We believe that an ambitious 21st century TPP agreement can and should include such rules within a robust government procurement chapter.

Through the TPP negotiations, therefore, we will continue working with the United States to strengthen overall North American competitiveness, creating jobs, growth and long-term prosperity for both of our countries.

Moving now to another one of our mutual strengths—indeed, one of the cornerstones of the Canada-U.S. economic partnership—and that is, of course, energy.

Our two countries share the largest and most significant energy relationship in the world, reflecting our mutual commitment to energy security, economic prosperity and environmental responsibility.

Canada is the largest oil supplier to the United States. In 2011, we delivered 2.8 million barrels a day of crude oil and refined products—more than Saudi Arabia and Venezuela combined.
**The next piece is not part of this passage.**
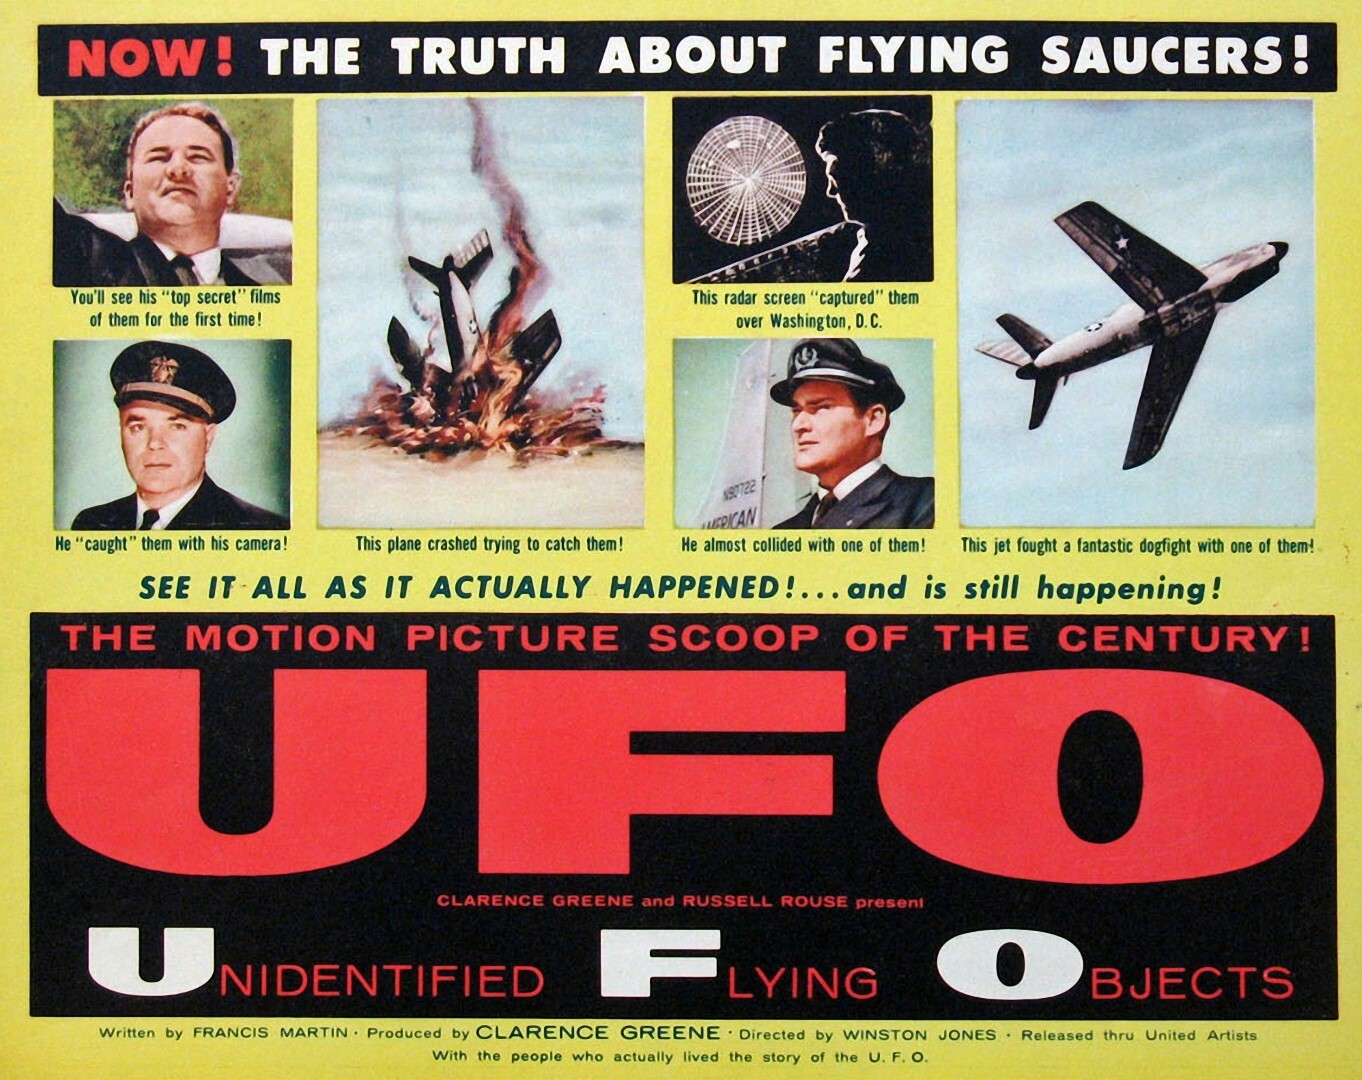 10-21004-united-artist-film-1956-res-300-large

Nonetheless, we are on the brink of a fundamentally altered global supply-demand paradigm.

To paraphrase another of your presidents, in his most recent State of the Union address, President Obama noted that the United States is buying less foreign oil than it has in 20 years and producing more domestically than it has in 15 years.
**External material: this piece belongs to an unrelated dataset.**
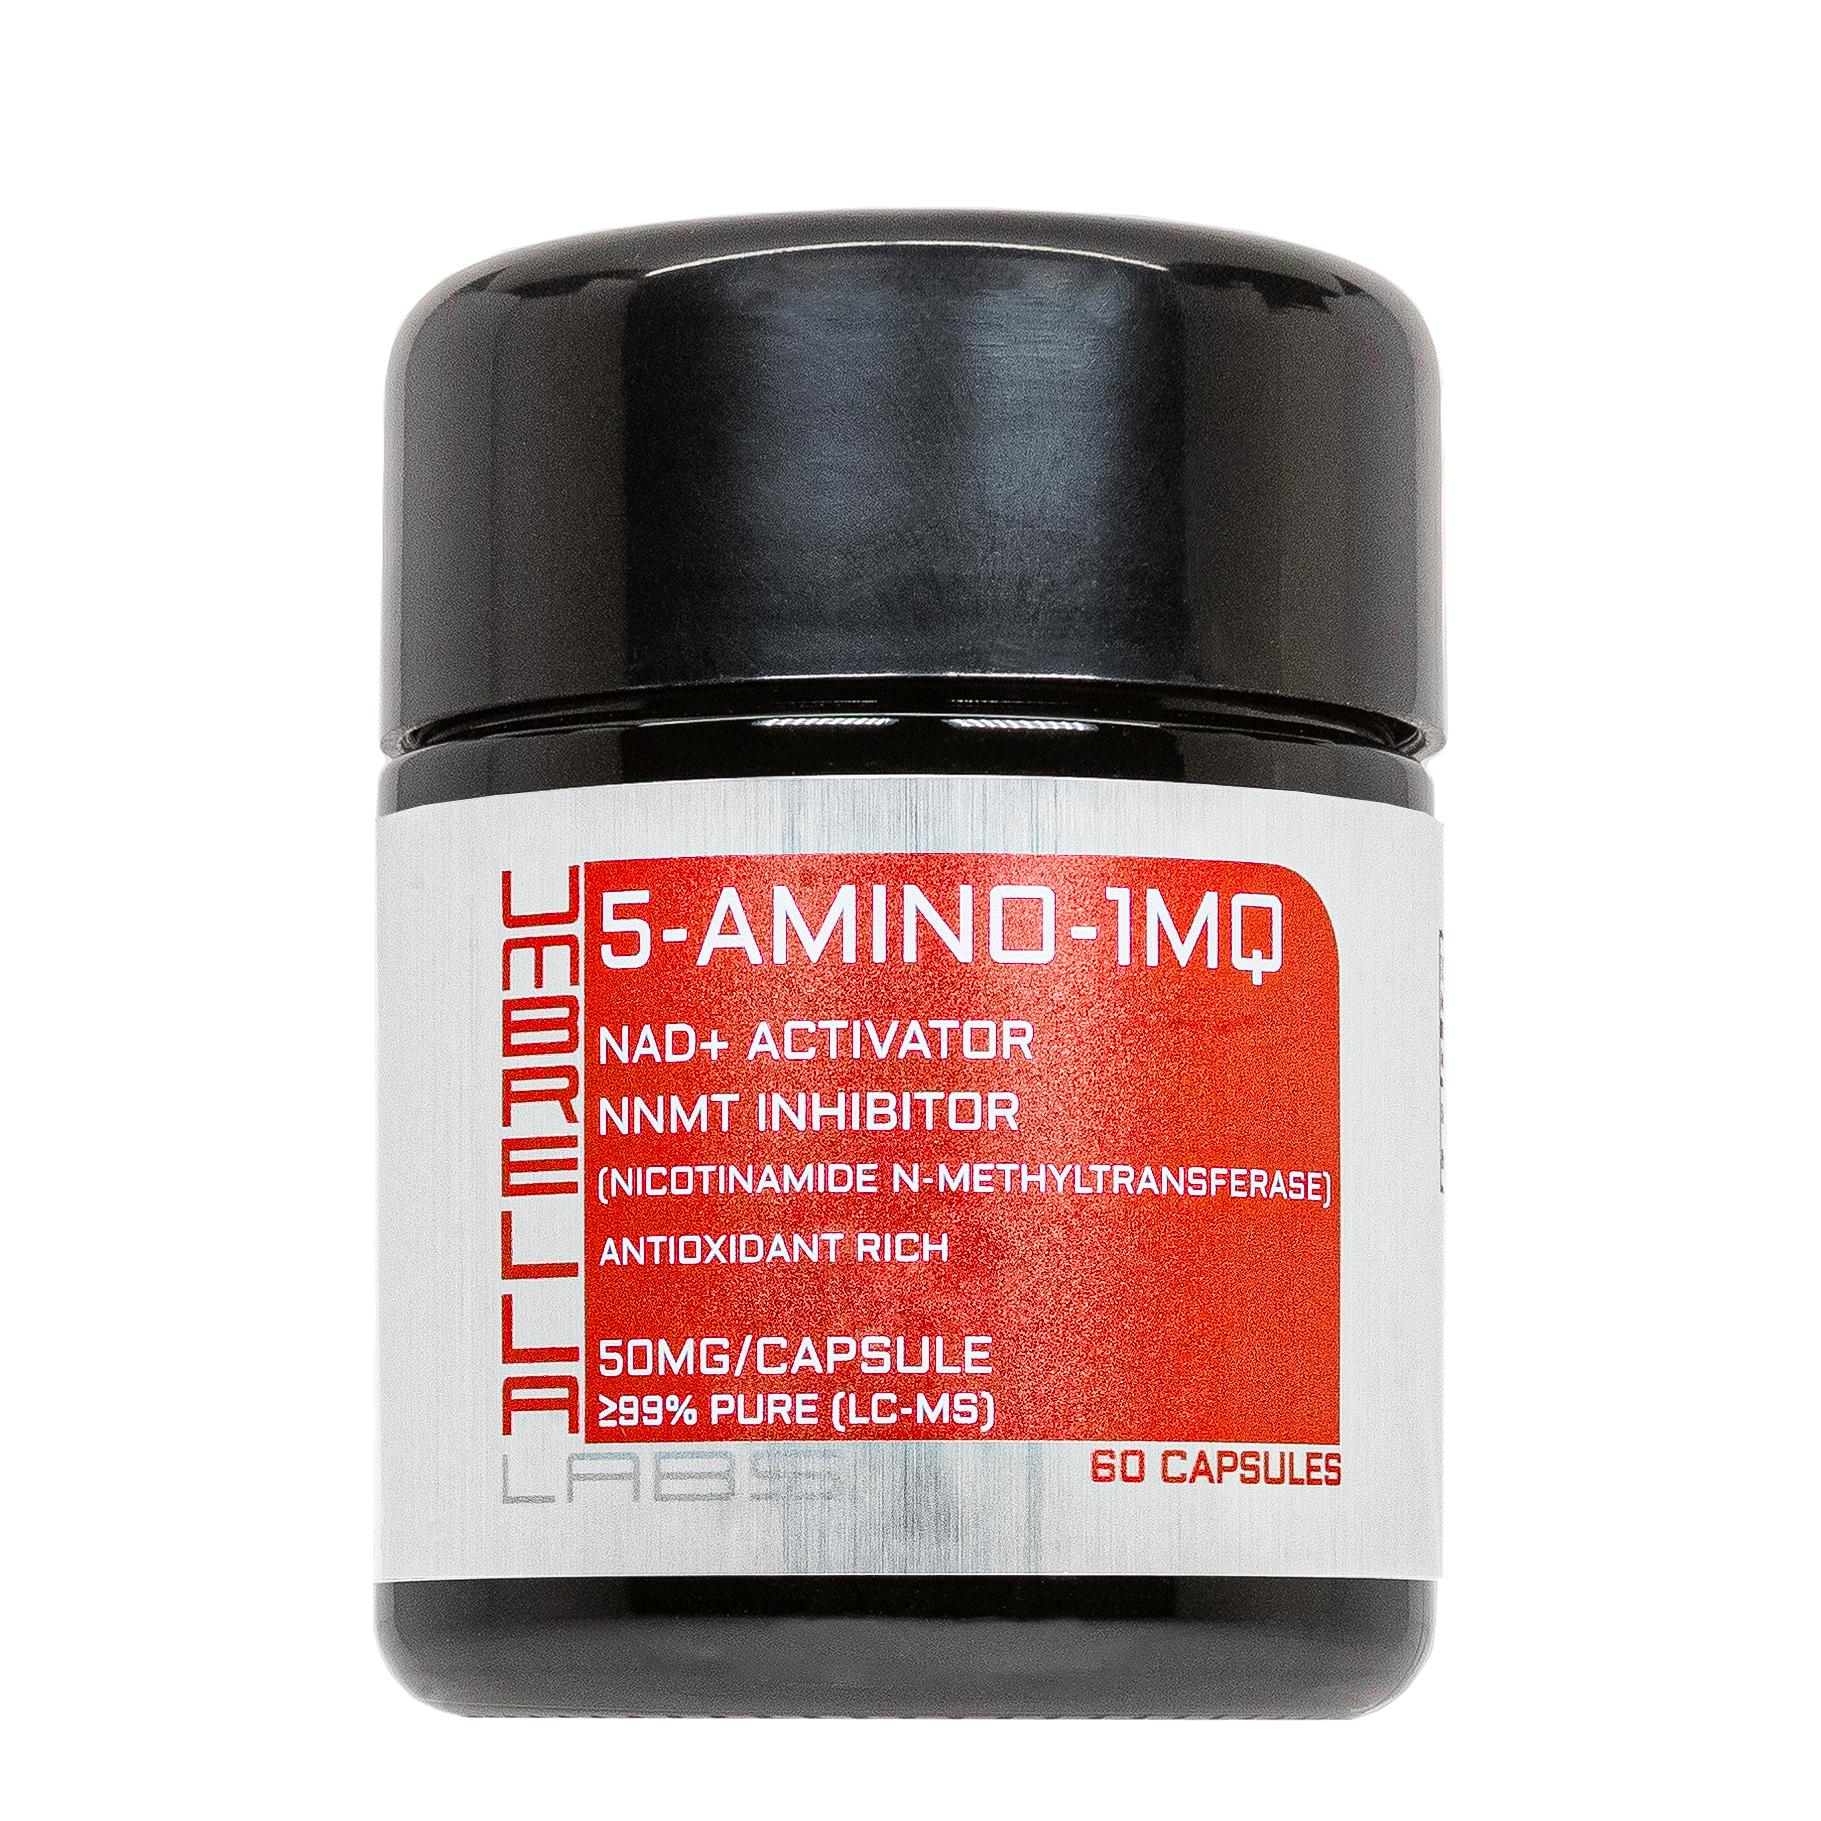 5 amino 1mq powder (60 capsules)

Game-changing, to be sure; but the truth of the matter, at least in the short to medium term, is that the U.S. will continue to be reliant upon imported oil. In fact, the U.S. Energy Information Agency’s Annual Energy Outlook 2013 foresees the United States still importing 37 percent of its net oil requirements in 2040.

Until renewable energy technologies are perfected, widely available and economically viable, the world will continue to rely on fossil fuels for the majority of its energy needs.

And that’s why Canada is working in lock-step with the United States on controlling greenhouse gas [GHG] emissions.

Unlike most countries supplying the U.S. market (including the two that I just mentioned), Canada has committed to an emissions reduction target under the Copenhagen Accord that is aligned with the American target: 17 percent below 2005 levels by 2020. And we are already half way there.

Canada is systematically implementing a sector-by-sector regulatory approach to reducing emissions and meeting our target. For example:

  • In the transportation sector, we are regulating GHG emissions from heavy- and light-duty vehicles that align with U.S. standards.
  • And in the coal-fired electricity sector, we have just this past September released regulations to reduce emissions. This will make Canada the first country in the world to ban new coal plants that use traditional technology.

Friends, there is no doubt that, as America unlocks its own vast new supplies of domestic oil and gas, its reliance on imported oil will decrease.

But in the meantime, the strategic value of Canada as a reliable, friendly and environmentally responsible source of oil and gas to the United States cannot be understated—particularly in light of continuing instability in the Middle East and North Africa.

Therefore, we strongly support the construction of the Keystone XL pipeline, which will create jobs, economic growth and benefit the long-term prosperity and energy security of both Canada and the United States.

Ladies and gentlemen, just as we were 25 years ago, Canada and the United States once again stand together on the edge of economic history.

Through Beyond the Border, the RCC and the TPP, we are helping to write a new 21st century trade rulebook.

Through our shared commitment to energy security and environmental responsibility, we can and should show the world that its two most trusted and forward-looking trade partners continue to lead on economic growth and climate change.

By reinforcing and building our strategic partnership, we are ensuring the prosperity and security of Canadians and Americans alike for generations to come.

I look forward to joining you as we make that goal a reality.